Congressional Compass provides plenty of citation help for the documents a user retrieves; unfortunately it ignores the needs of law researchers, who must use The Bluebook citation rules, and not the otherwise admirable citation guide that the Congressional Compass citation rules are based on. In fact, these citation rules could easily mislead law students and other law researchers who are required to use The Bluebook rules. CIS might have been better advised to include a cautionary note for law researchers to consult The Bluebook, had it included a few more law librarians in its Congressional Compass Design Advisory Group, which is comprised of 13 librarians, only one of whom is a law librarian, according to its acknowledgements.
Nevertheless, Congressional Compass is an impressive undertaking by CIS that will be attractive to any library reliant on the CIS/Index or CM2. Its search forms are very user-friendly and reassuring to anyone who has been intimidated by the CIS/Index system and the DOS-based CM2. It might be the key to creating more self-confident and independent congressional researchers. It may also provide a library without access to Lexis-Nexis with convenient access to the full text of many congressional documents for the first time.

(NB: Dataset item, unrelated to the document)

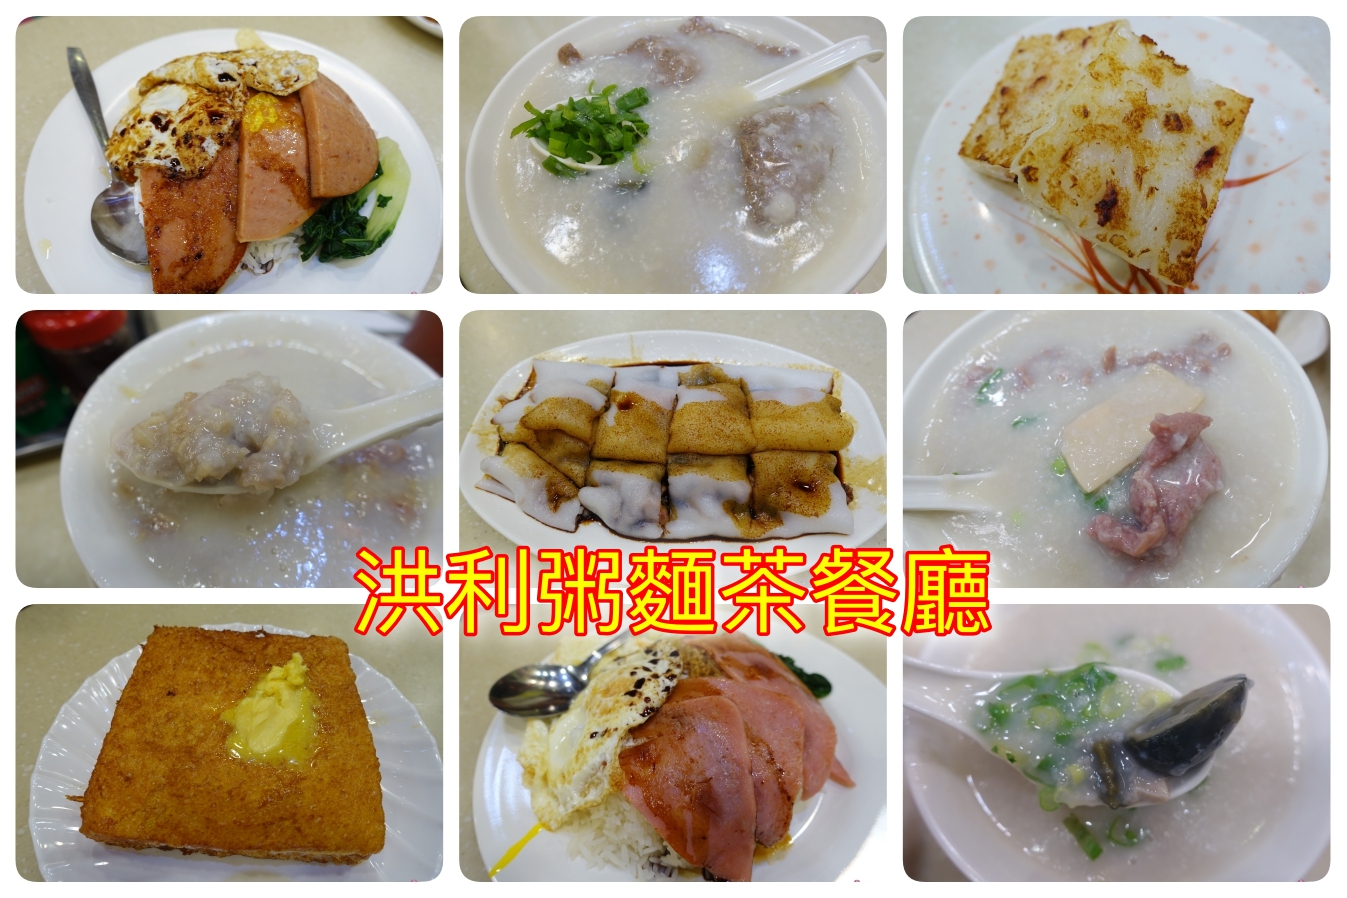 延伸閱讀：[香港美食]洪利粥店茶餐廳~來到尖沙咀就是要吃道地的粥品名店．品嚐入口即化的生滾粥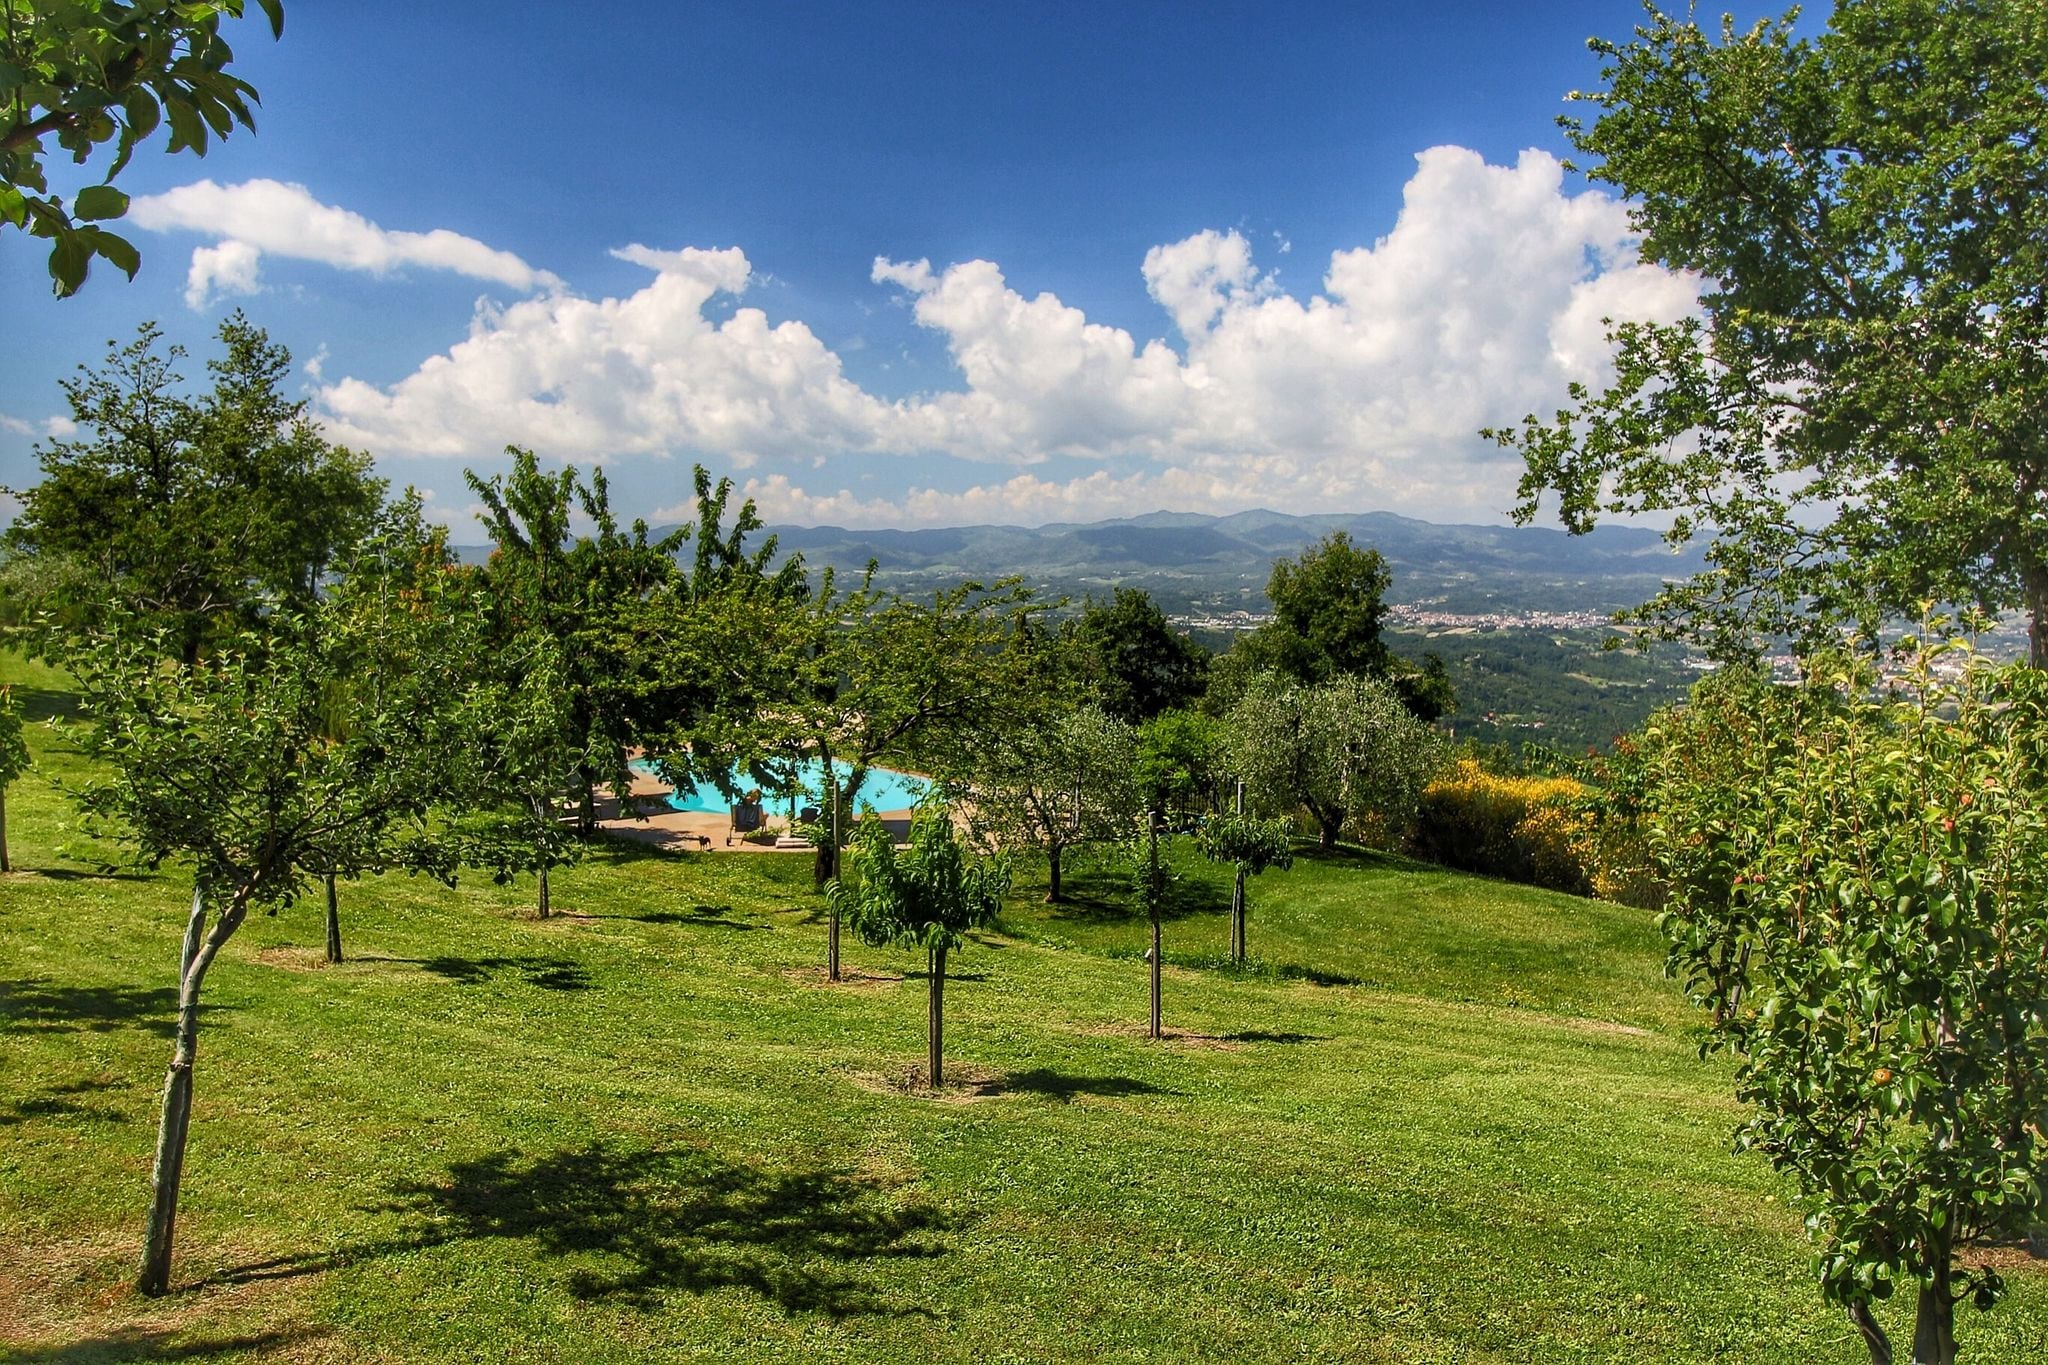 Mooie vrijstaande villa met openluchtzwembad met adembenemend uitzicht

Still, it is not clear that Congressional Compass will be immediately attractive to those libraries that already have flat-rate Lexis-Nexis subscriptions. The Legislative Histories and the full text materials offered by Congressional Compass are available on Lexis-Nexis, which provides much more flexible and comprehensive search options, albeit in a less user-friendly format. Furthermore, many, though not all, of the more recent full text documents that Congressional Compass offers can be found on the Internet through Thomas and GPO Access.
Finally, those libraries that also have CM1 will have to rely on the CD-ROM for several more years. A CIS representative says that it is unlikely to incorporate the 1789-1969 congressional documents found on CM1 into Congressional Compass until at least 1999.
CIS allows campus networking and bases its cost on the number of students at an institution; law libraries will apparently pay less for their part in a campus-wide networked Congressional Compass than they would with a law library-only subscription. CIS claims to have various pricing options available for public and government libraries, as well.